Studio album by Devils Brigade
- Released: August 30, 2010 (EU); August 31, 2010 (US);
- Recorded: 2010
- Studio: Sunset Lodge (Hollywood, CA); Cleveland Audio (Cleveland, Ohio);
- Genre: Punk rock; psychobilly;
- Length: 28:17
- Label: Hellcat
- Producer: Tim Armstrong; Ryan Foltz;

= Devils Brigade (album) =

2010 studio album by Devils Brigade

Devils Brigade is the debut album by the rock band Devils Brigade, a side project by Matt Freeman of Rancid. The band, which performs a mix of punk rock and psychobilly, features Freeman on lead vocals and double bass in contrast to the backing vocals and bass guitar he typically performs in Rancid (though he still plays bass guitar on select tracks). Originally envisioned as a concept album about the construction of the Golden Gate Bridge, Devils Brigade was co-written by Freeman and his longtime bandmate Tim Armstrong, who also played guitar on the album and served as record producer alongside Ryan Foltz. The album also features X drummer DJ Bonebrake and contributions from Rancid's Lars Frederiksen, and was released August 31, 2010 through Armstrong's label Hellcat Records.

The album peaked at number 21 on the Billboard Heatseekers Albums.

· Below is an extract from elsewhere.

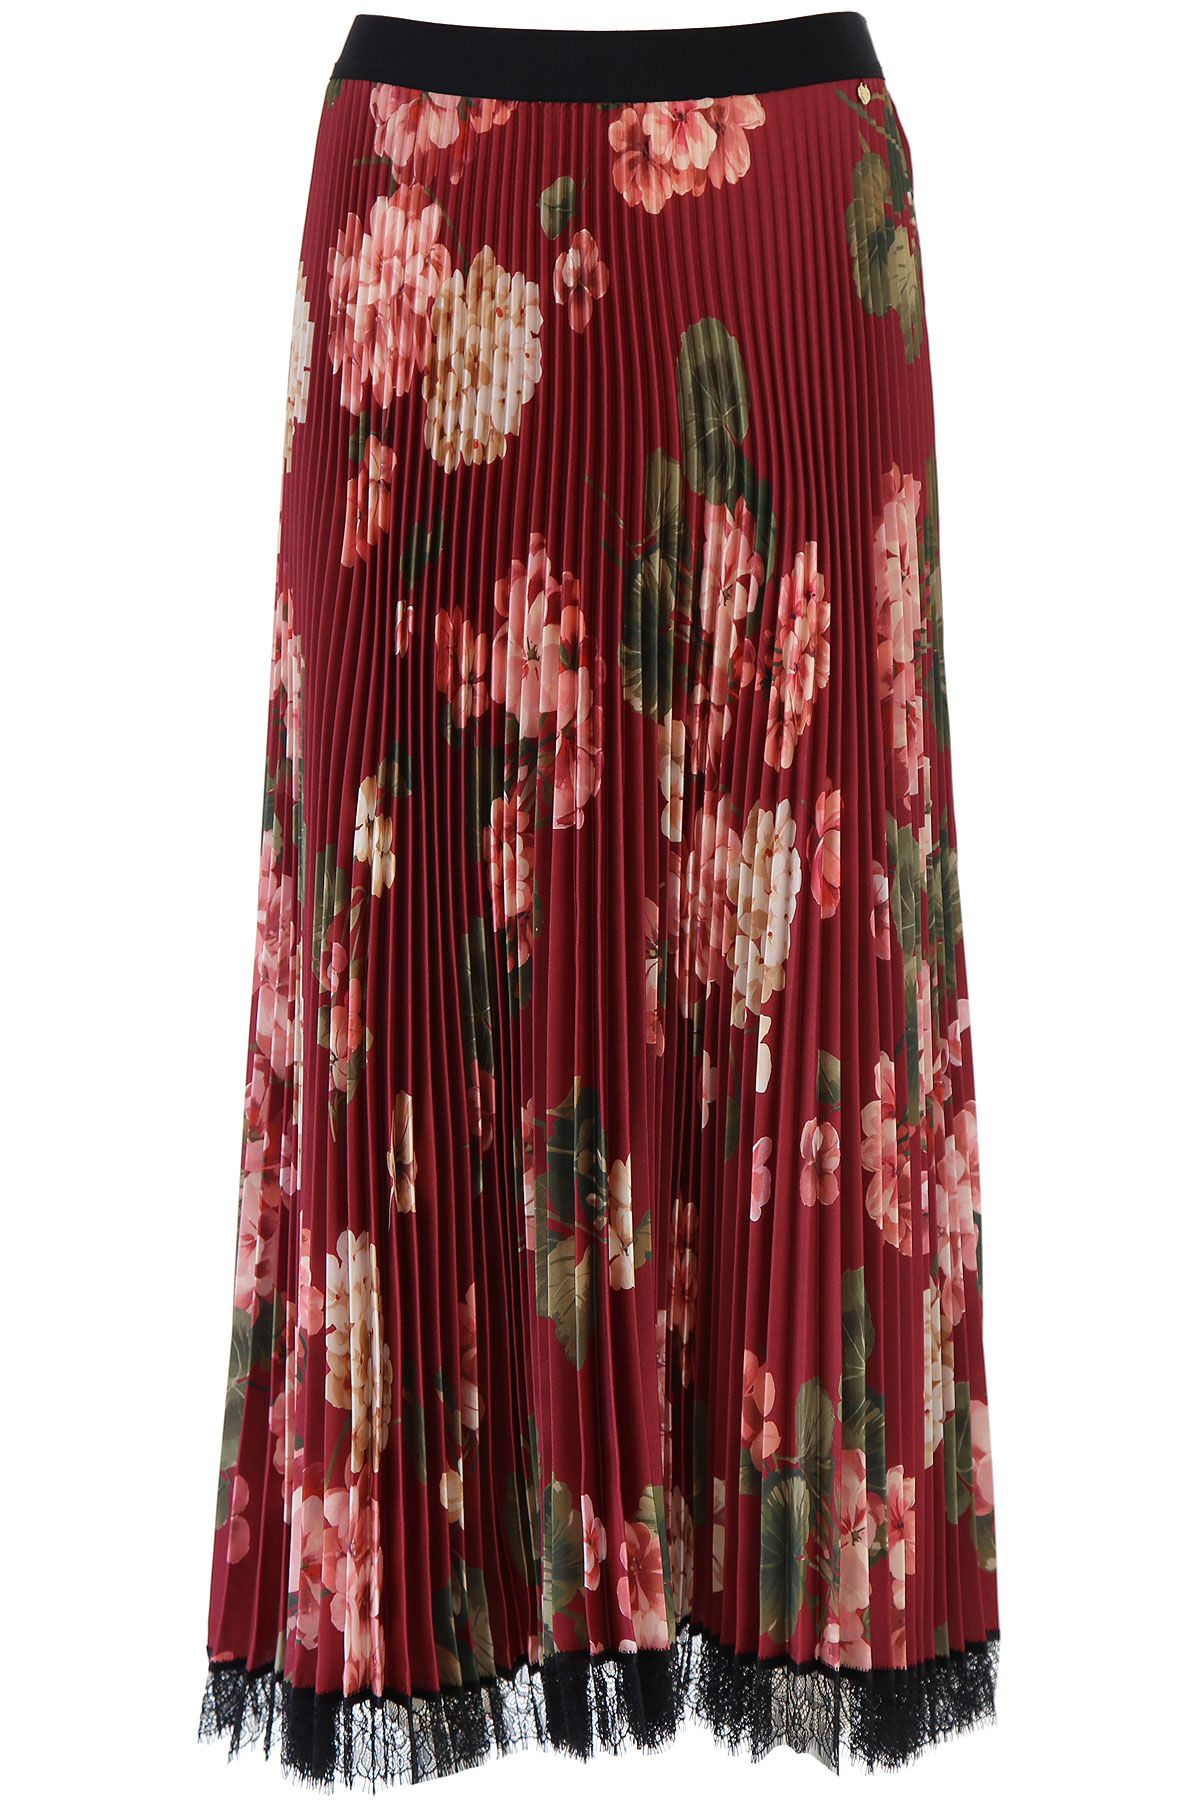 premium selection df658 ed363 Womens Clothing Twin Set by Simona Barbieri, Style code ...

== Background and recording ==
Freeman started Devils Brigade in 2000 when he and Armstrong began writing songs together during breaks between Rancid tours. Backed by Armstrong on guitar and Rancid drummer Brett Reed, he debuted the project in 2002 with the song "Vampire Girl" on the compilation album Give 'Em the Boot III. He continued to work on Devils Brigade in between tours supporting Rancid's 2003 album Indestructible, releasing two singles in 2003 and 2005.

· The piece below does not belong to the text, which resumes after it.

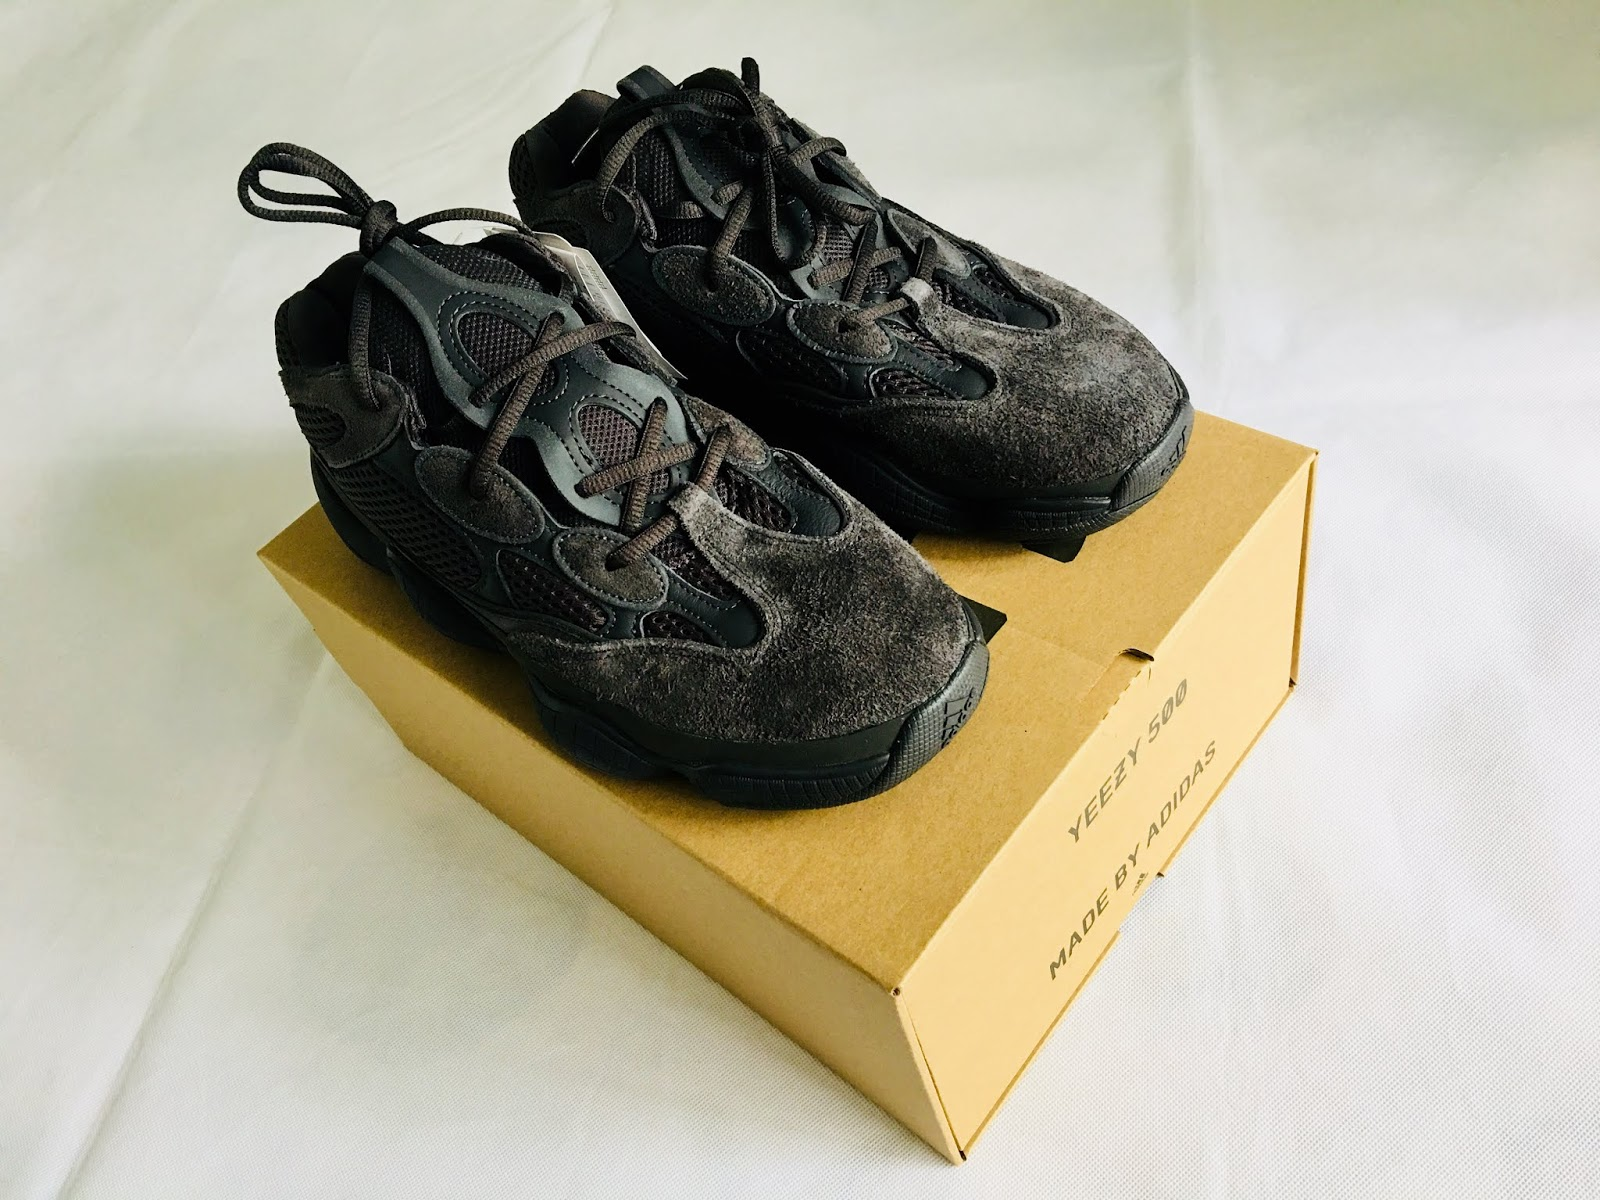 best website d9d2d bc137 Adidas Yeezy 500 Utility Black Sneakers

Following tours in support of Rancid's 2009 album Let the Dominoes Fall, Freeman revived Devils Brigade to record a full-length album. It was originally envisioned as a concept album based on an idea of Armstrong's for a musical about the construction of the Golden Gate Bridge, titled Half Way to Hell Club after the informal fraternity of nineteen steelworkers who were caught by safety netting strung below the construction site, saving them from what would have otherwise been fatal falls into the bay below. "We grew up in the East Bay looking at that bridge and it has always been a part of our lives", said Freeman. Armstrong co-wrote the album with Freeman, with six of the twelve tracks—including "Bridge of Gold" and "Half Way to Hell"—originating from the Golden Gate Bridge concept while the remaining six—including "Ride Harley" and "Vampire Girl"—were new recordings of tracks from the first Devils Brigade demo.

Devils Brigade was recorded in early 2010 at Sunset Lodge in Hollywood and Cleveland Audio in Cleveland, with additional recording conducted at Rancid's Bloodclot studio. It was produced by Armstrong, who also played guitar on the album and sang lead vocals on "Gentleman of the Road", and by Ryan Foltz who also played mandolin. Drums were played by DJ Bonebrake of X and The Knitters, who had previously played with Freeman in Auntie Christ. "It was a great vibe in the studio," said Freeman, "The record has a real live and loose vibe. Loose in a good way. Tim's guitar style blended really well with DJ and everything clicked very quickly." Lars Frederiksen of Rancid also contributed to two tracks: "Darlene", which he co-wrote, and "Bridge of Gold", on which he, Armstrong, and Freeman took turns singing the verses.

Devils Brigade was released August 31, 2010 through Armstrong's Hellcat Records label. The band supported the album with a tour of the United States opening for Street Dogs through October 2010.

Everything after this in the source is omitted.